------ Available data ------

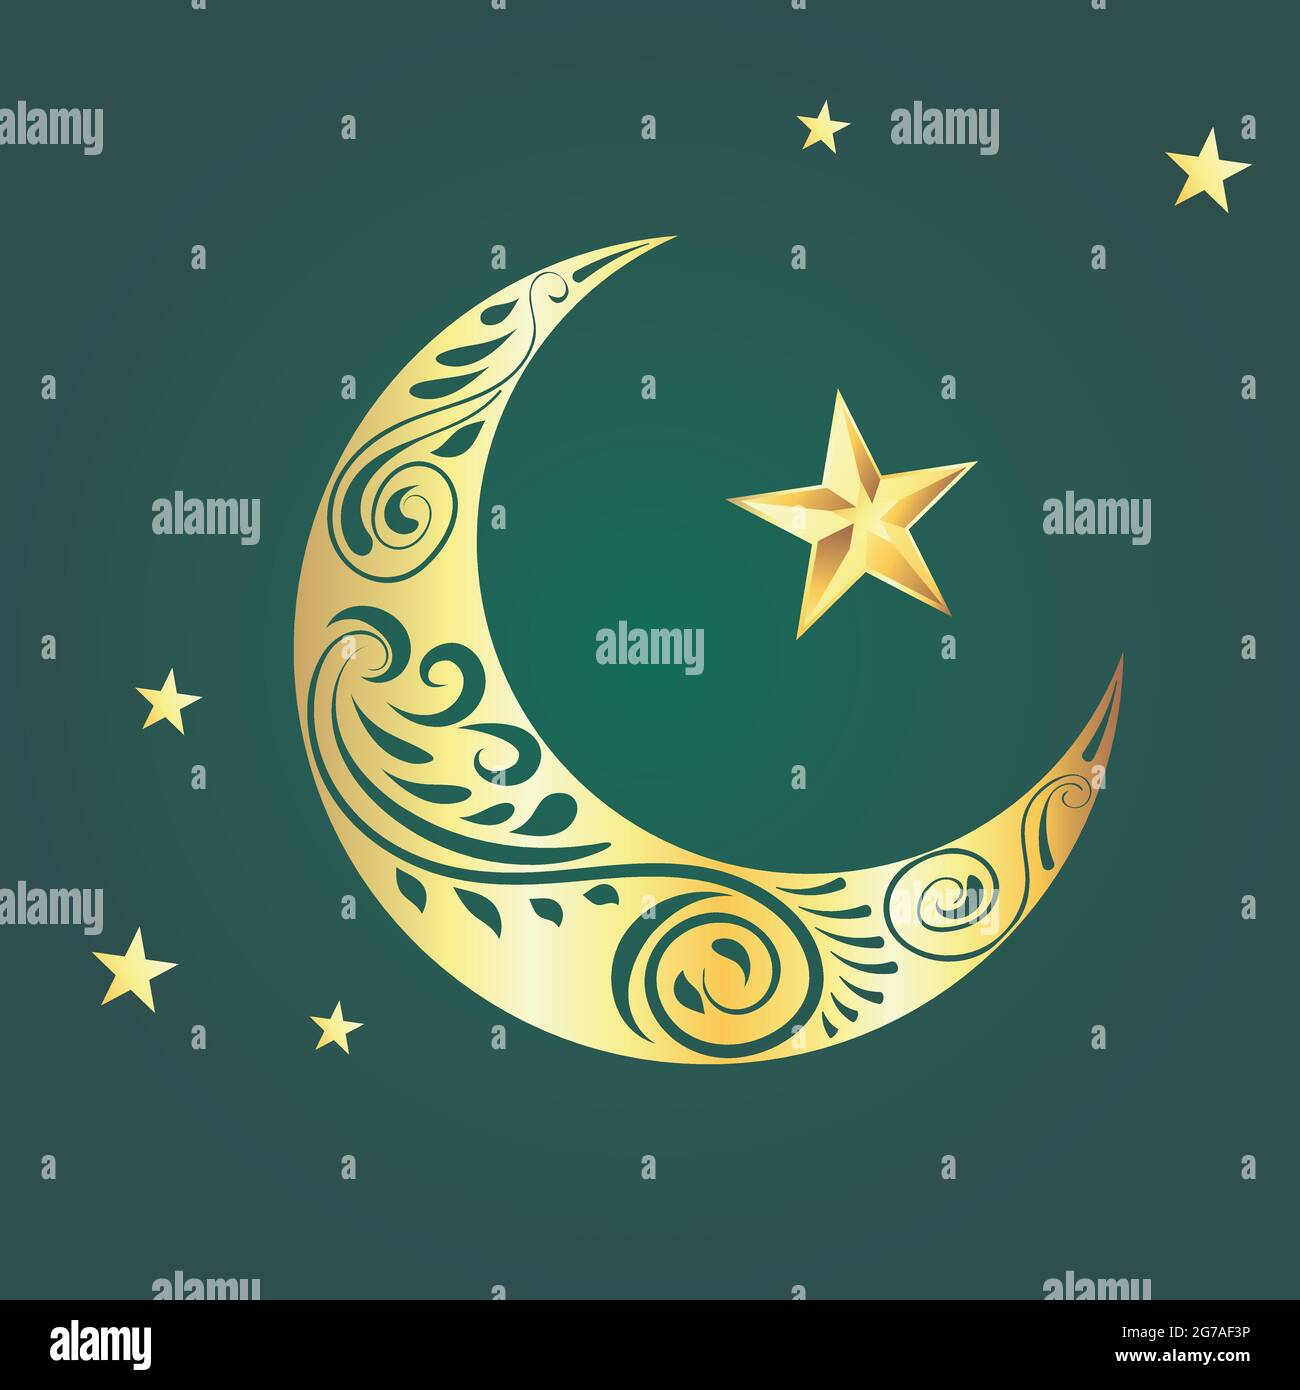 Decorative ornamental crescent moon and star design Stock Vector ...
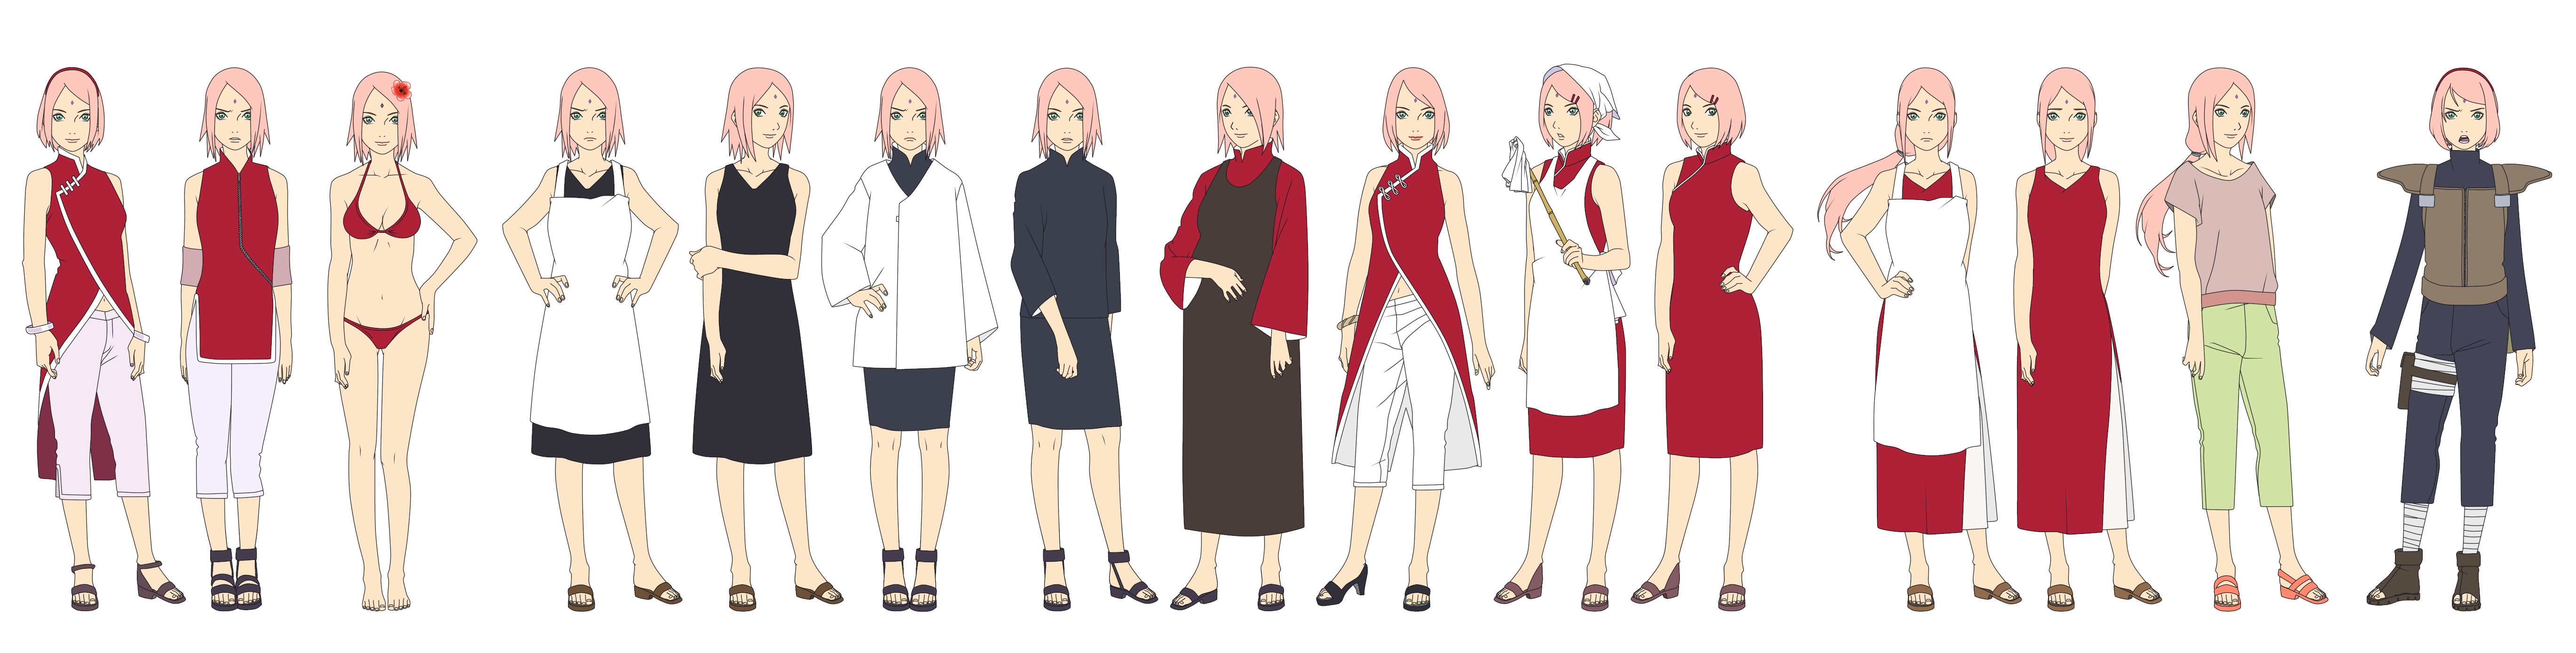 Sakura Haruno New Era 2 Outfit Color by SunakiSabakuno on DeviantArt
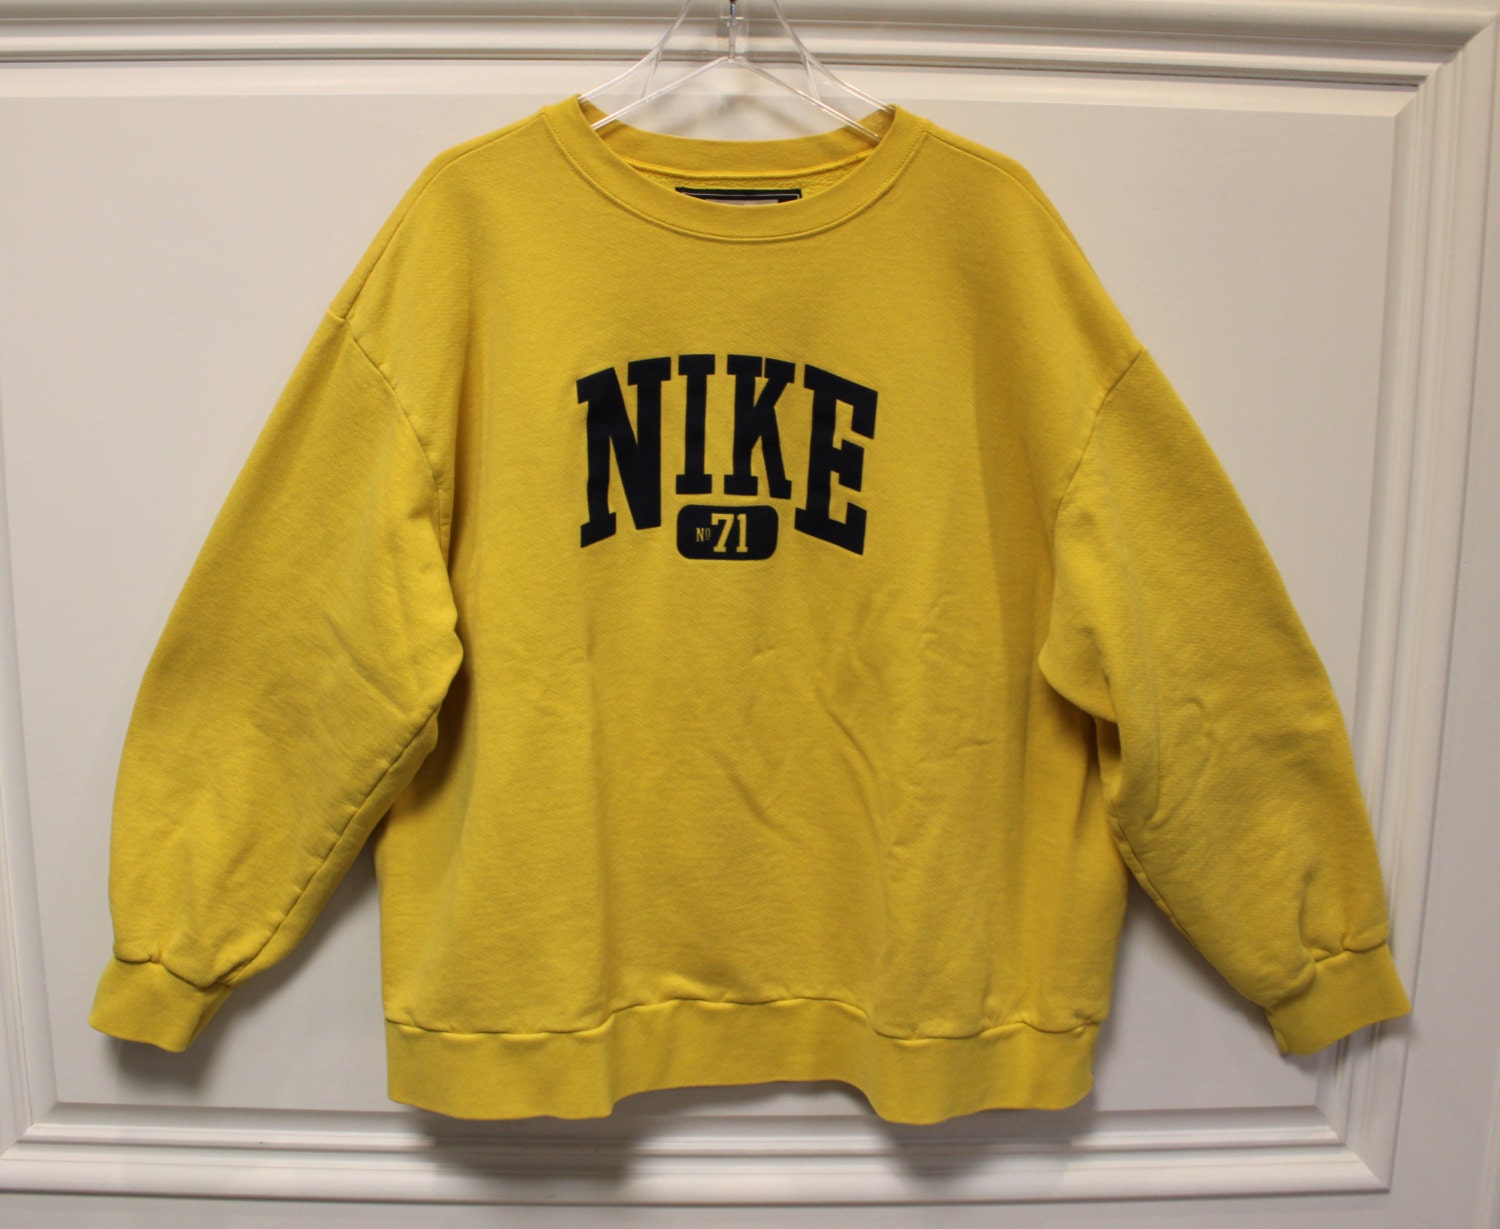 NIKE Vintage Sweatshirt Pullover Jumper Yellow XL X-Large
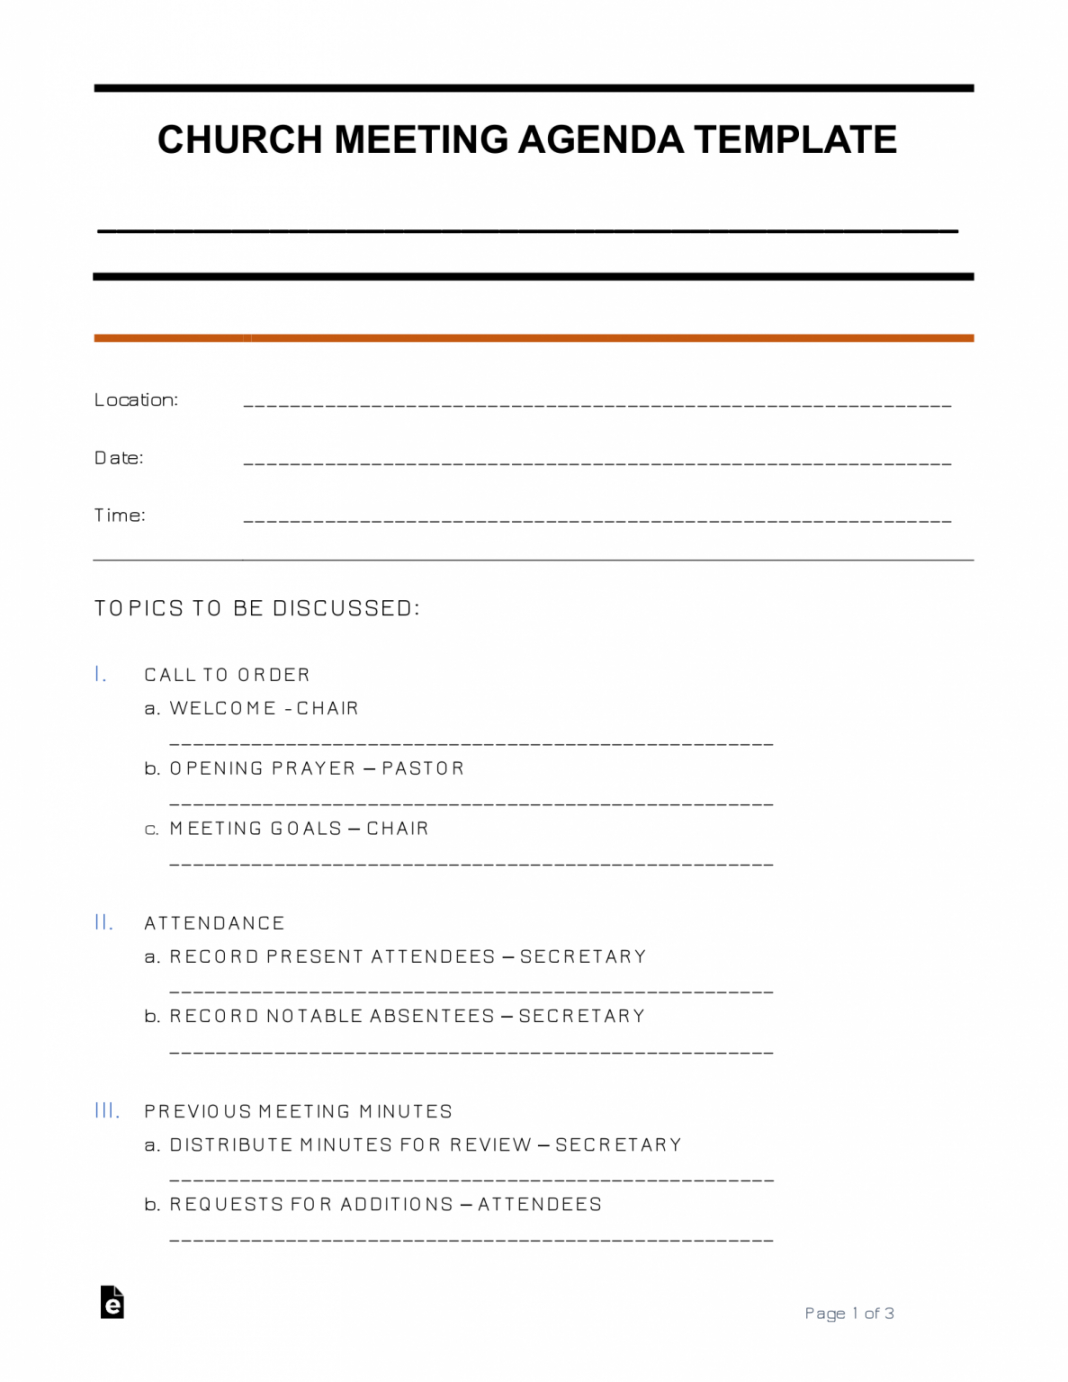 free church meeting agenda template  sample  word  pdf conference call agenda template pdf

------

**Problem description**: Repeat the data exactly. Pictures should not appear.

**Answer space**:
 Decorative ornamental crescent moon and star design Stock Vector ...
 Sakura Haruno New Era 2 Outfit Color by SunakiSabakuno on DeviantArt
 NIKE Vintage Sweatshirt Pullover Jumper Yellow XL X-Large
 free church meeting agenda template  sample  word  pdf conference call agenda template pdf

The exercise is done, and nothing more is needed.